Раздражение же папы Стефана присутствием Ламберта и его постоянным вторжением в дела Рима объяснялись просто – он не дал Стефану достичь главной цели, а именно окончательно разгромить формозианскую партию в высшем духовенстве Италии. Весь свой гнев от общения с молодым императором Стефан изливал на своих безмолвных слуг, причем несколько раз дело доходило даже до «святейшего» рукоприкладства и нам неизвестны случаи чудесного исцеления после данных процедур. Самому же Ламберту Стефан, в конце концов, все же нашел способ отомстить – император так и не получил в эти дни согласия римского папы на свой брак с Гизелой, дочерью Беренгария Фриульского.
Эпизод 18.
1650-й год с даты основания Рима, 11-й год правления базилевса Льва Мудрого, 5-й год правления франкского императора Ламберта (апрель 897 года от Рождества Христова)
Если в центральной и южной части Италии на протяжении веков политическое и духовное первенство Рима никем и никогда не подвергалось сомнению, то история севера этой страны представляет собой практически бесконечное соперничество множества достойных городов и регионов. Бесчисленные войны герцогов, маркграфов и епископов, хаотически объединяющихся в союзы и с легкостью их разрушающих, периодически поднимали на политический пьедестал, а затем безжалостно низвергали то Равенну, которая со времен императора Гонория и до падения экзархата осмеливалась считать себя повелительницей Рима и Италии, то Павию, которая с приходом лангобардов стала средоточием королевской власти, то Лукку – столицу богатых тосканских князей.
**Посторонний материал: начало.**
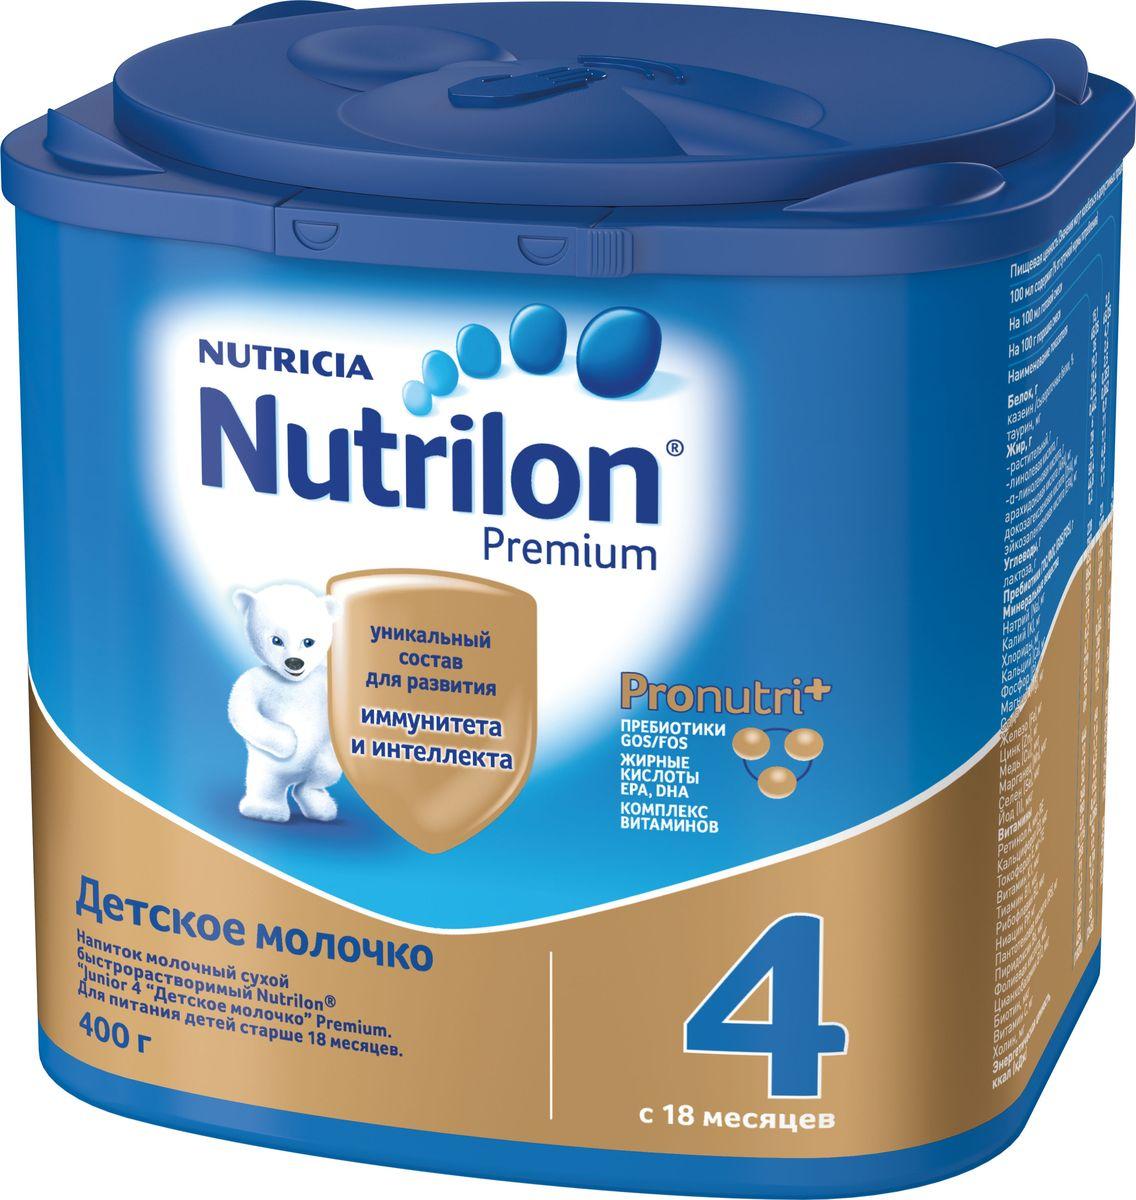 Nutrilon Джуниор Премиум 4 детское молочко PronutriPlus, с 18 месяцев, 400 г детское молочко малютка 4 700 г

За пеленой войн и нашествий между тем рос и укреплялся старинный небольшой городок Медиоланум, начавший отсчет своей жизни еще со времен Великой Римской империи. К концу девятого века, то есть ко времени описываемых событий, Медиоланум, превратившийся в Милан, уже вполне созрел для того, чтобы стать вскоре одним из главных творцов истории Италии начиная от Средневековья и до наших дней.